- _Exercise objective_: The reply should hold only the lines from the one with "Heating Light Bulbs For Bathroom" to the one with "E27 275W Infrared", both ends kept, exactly as they appear below, without any pictures.

- _Records supplied_:
>>>

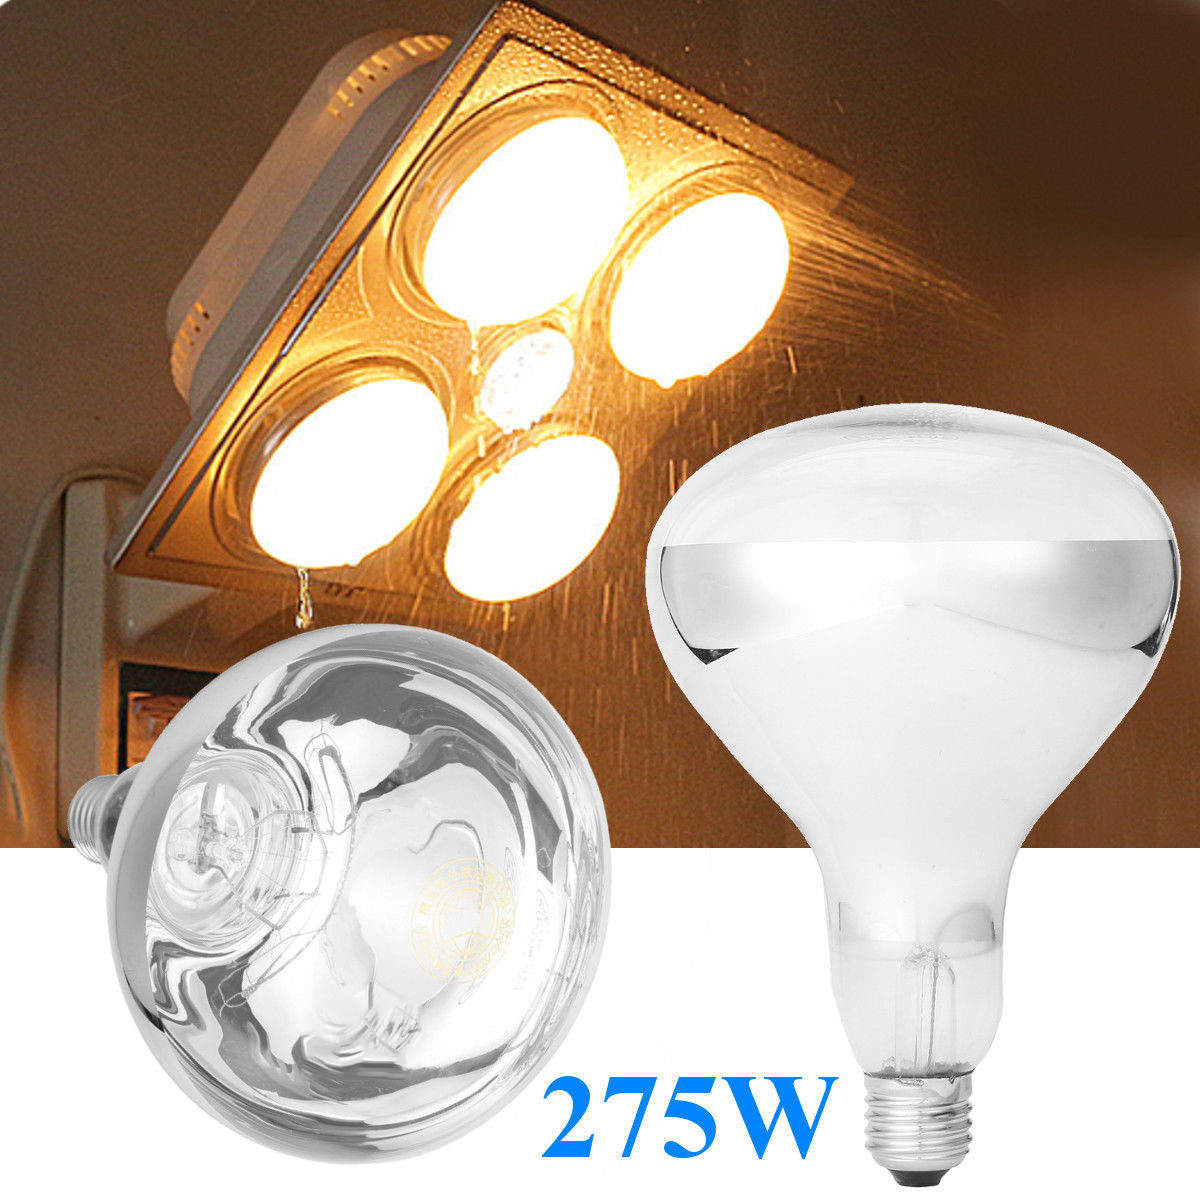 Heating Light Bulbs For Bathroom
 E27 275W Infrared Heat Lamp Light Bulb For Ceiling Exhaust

<<<
>>>

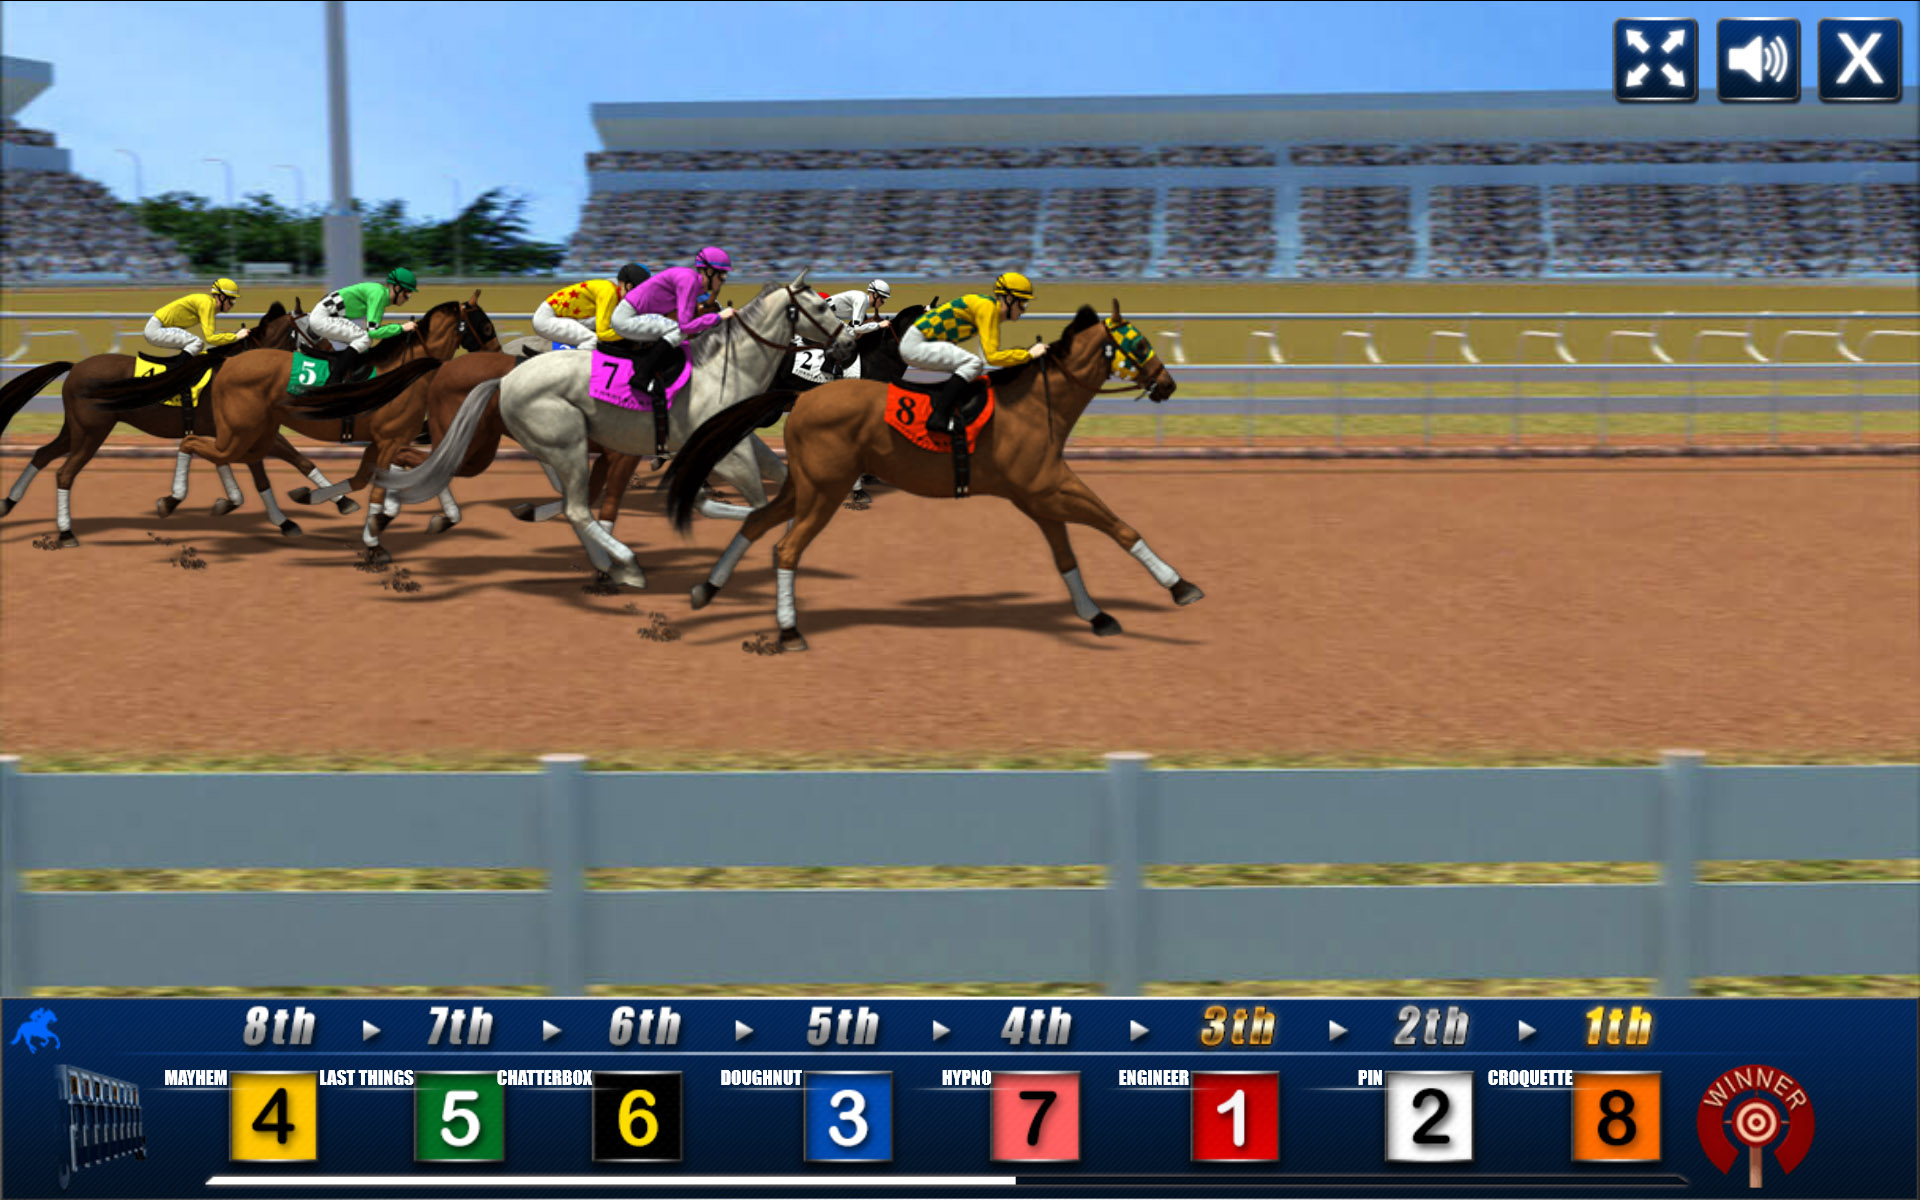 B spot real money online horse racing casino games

<<<

- _Written answer_:
 Heating Light Bulbs For Bathroom
 E27 275W Infrared Heat Lamp Light Bulb For Ceiling Exhaust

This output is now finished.